Given data:
####

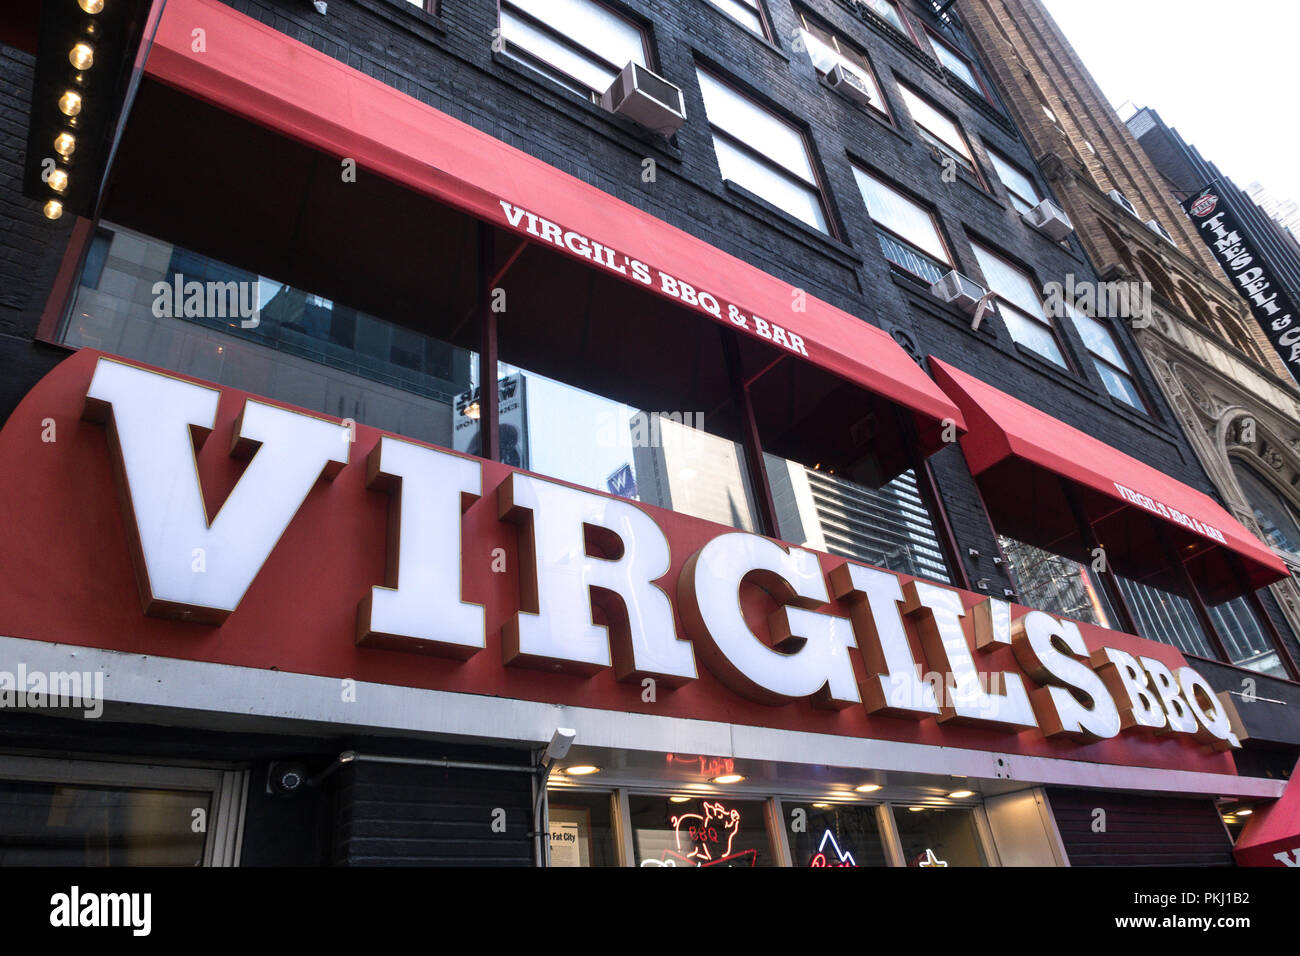 Vergils echten BBQ Restaurant in Times Square, New York City, USA Stockfoto
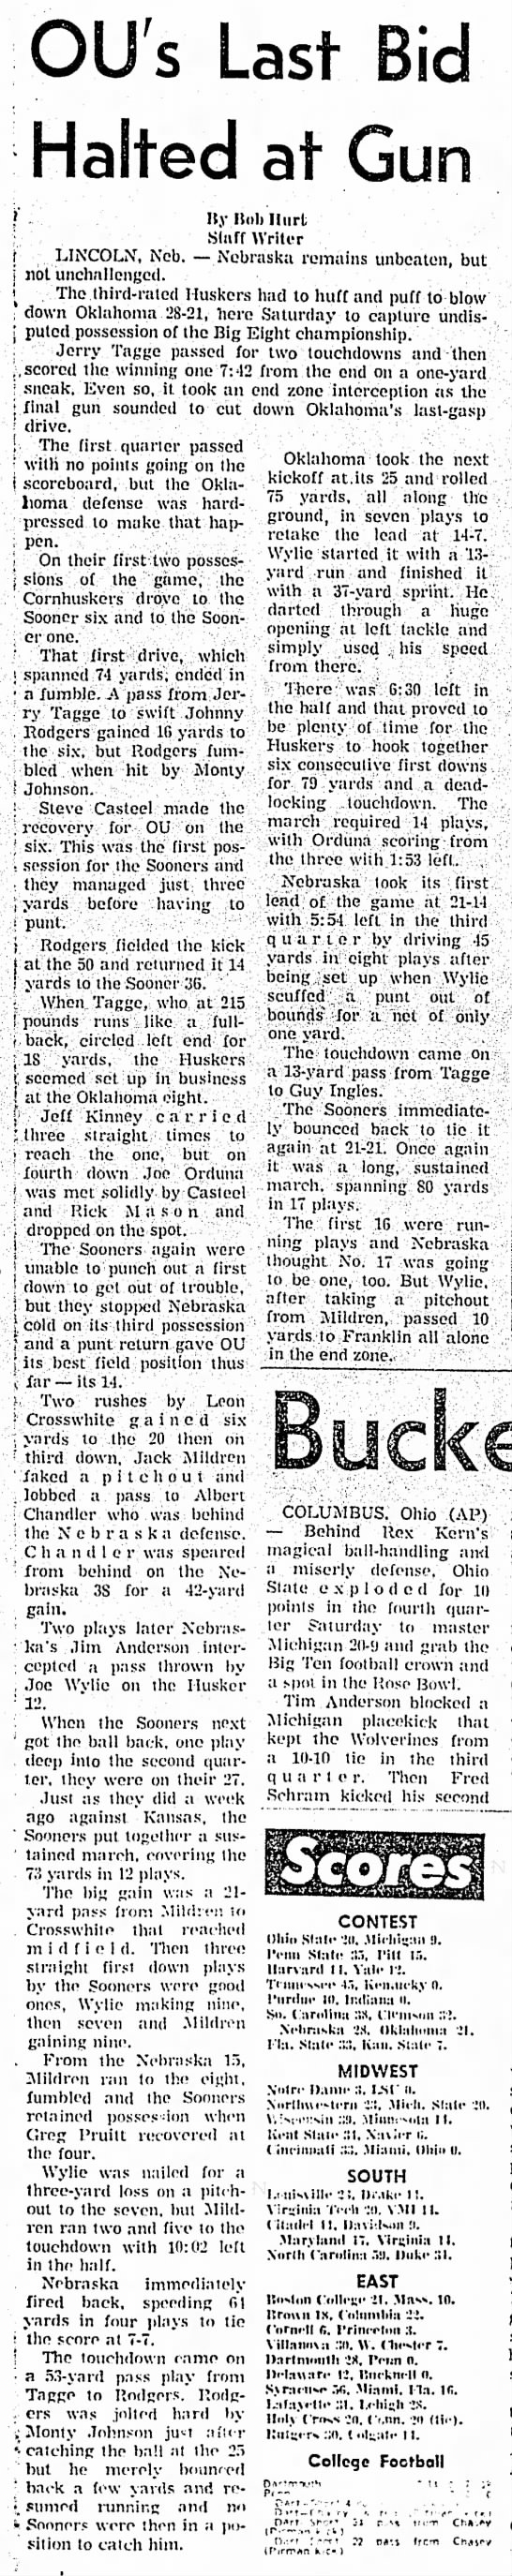 1970 Oklahoma-Nebraska football, OKC - 
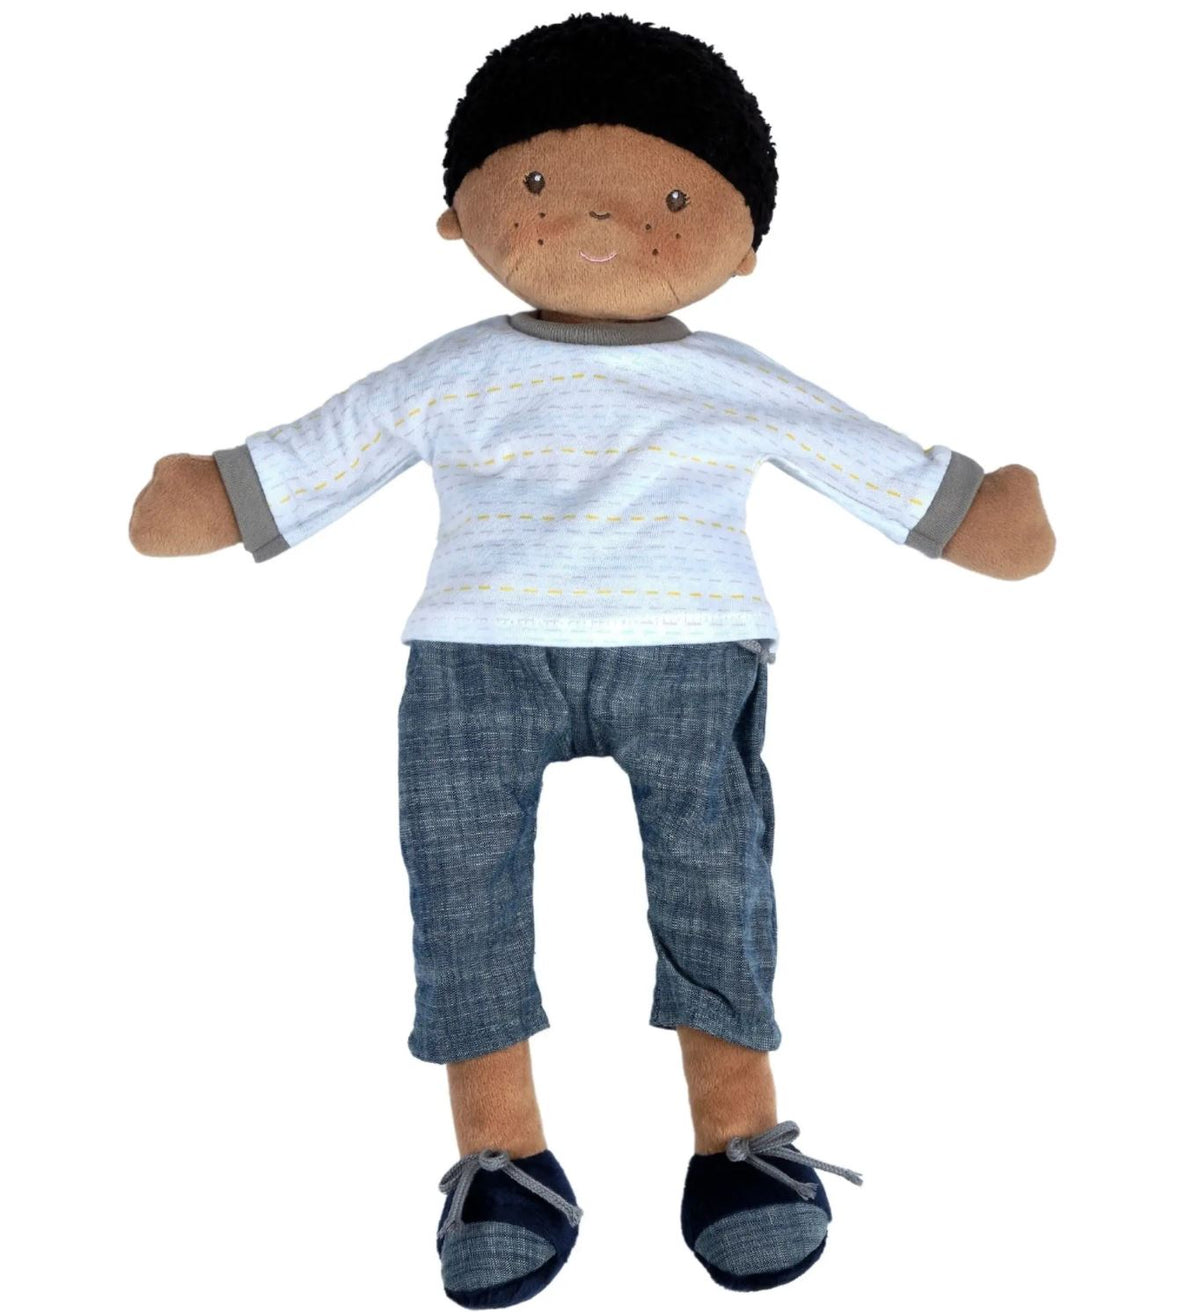 Jayden - Boy Doll

####

Instructions for the task: Would you print all of the material exactly as written, minus the pictures?

Solution:
 Vergils echten BBQ Restaurant in Times Square, New York City, USA Stockfoto
 1970 Oklahoma-Nebraska football, OKC - 
 Jayden - Boy Doll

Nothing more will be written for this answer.